For a six-person HR team supporting 500 people, moving from disconnected tools to an integrated platform can reclaim up to 44 hours a week – the equivalent of more than a full-time person redirected from coordination to strategic work.
4. Compliance and Employment Rights Act readiness
The Employment Rights Act introduces 28 reforms being phased in throughout 2026. Ensuring your HR team has the systems, processes and training to stay compliant is not optional spend; it’s risk management. Organisations that underfund compliance capability now face significantly higher costs further down the line.
A practical starting point is mapping your current systems and processes against the reforms most likely to affect your organisation – day one rights, changes to zero-hours contracts, and strengthened redundancy protections all carry direct operational implications for mid-to-large employers.
A framework for prioritising your 2026/27 HR budget
Not every organisation has the same starting point. The table below offers a simple framework for assessing where to focus budget depending on your organisation's current situation.
What to look for in your HR tech
Our research found that 54% of mid-to-large organisations are either actively building a business case for HR technology transformation or have already committed budget in the next 12–24 months. With so many competing priorities across payroll, compliance, L&D and employee experience, knowing where to focus that investment is the harder question.
HR leaders are right to be selective. According to Fosway Group, much of what vendors market as AI capability remains on the roadmap rather than live with customers; making a clear-eyed assessment of what a platform actually delivers today is crucial. The organisations getting the strongest return share a common characteristic: unified platforms where data flows freely, rather than multiple point solutions running in parallel.
Questions to ask before finalising your HR budget
Before locking in your 2026/27 HR budget, these are the questions worth sitting with:
- If a key person resigned tomorrow, would your data tell you why – or would it come as a surprise?

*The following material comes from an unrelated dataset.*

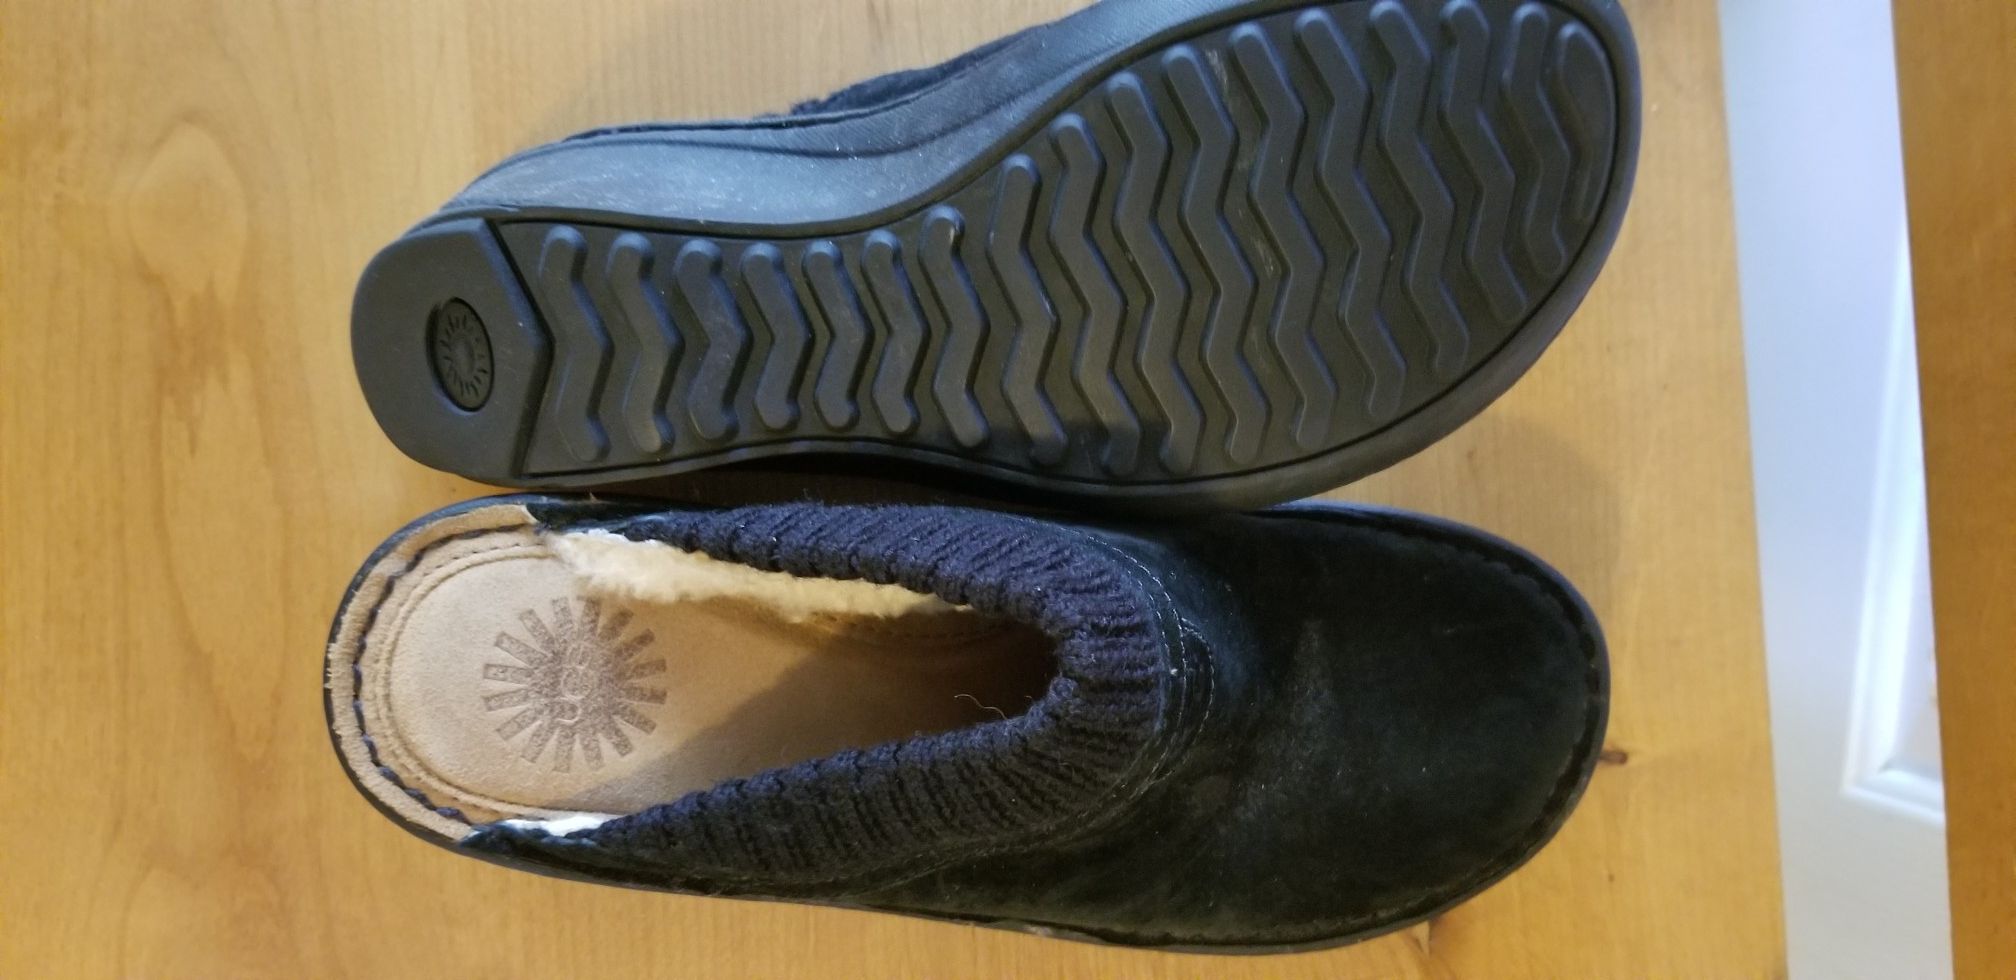 Uggs women shoes size 8 black
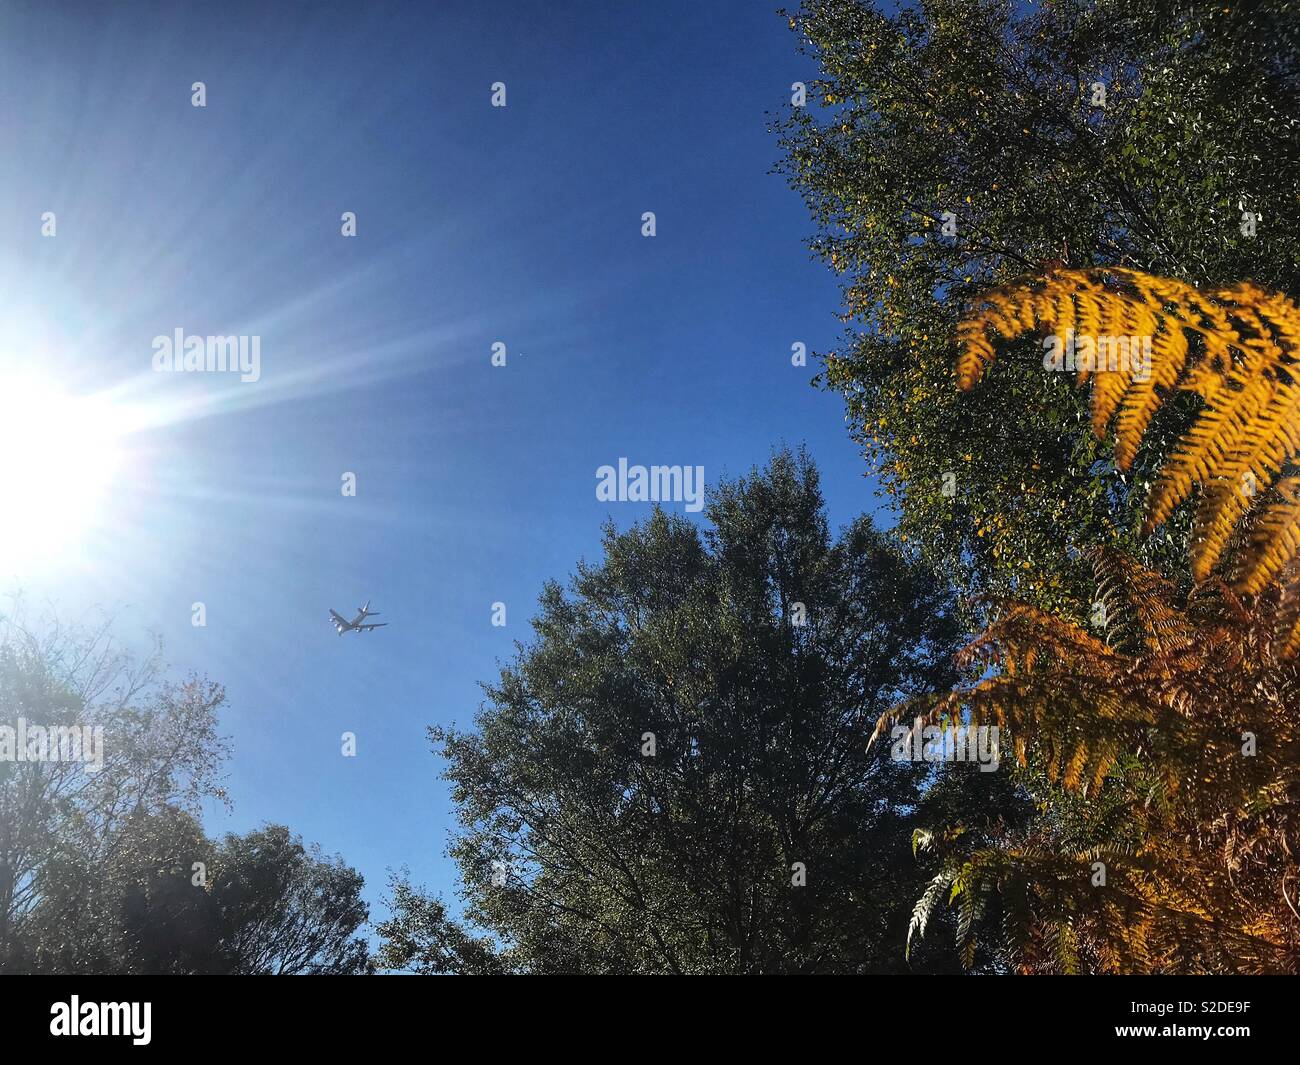 Aeroplane flying overhead on a sunny day Stock Photo

How many hours did your HR team spend last month pulling reports that should have been available in real time? - Can you tell your CFO exactly what your HR technology stack is returning on its investment – in time saved, errors prevented, or attrition reduced?
- Which of the Employment Rights Act's 28 reforms coming into effect this year would expose you most if your systems aren't ready?
- Are your highest-paid people – managers and leaders – spending time on HR admin that technology should be handling?
Why strategic HR budgeting matters in 2026/27: Turning pressure into opportunity
The 2026/27 tax year is undeniably challenging for HR leaders. Rising employer costs, a wave of regulatory change, and growing employee expectations would test any budget. But the organisations that will come out ahead are not necessarily those with the largest HR budgets – they are those that allocate them most deliberately.
The shift from cost management to strategic impact doesn't require a complete overhaul. For most mid-to-large organisations, it starts with connecting what's already in place: integrating systems that don't yet talk to each other, activating data that's being collected but not acted on, and redirecting the time currently lost to administration towards the decisions that actually move the business forward.
Done well, HR budget planning in 2026/27 is not just a financial exercise. It's the foundation of your people strategy for the next two years – and one of the clearest signals to your board that HR is driving value, not just managing cost.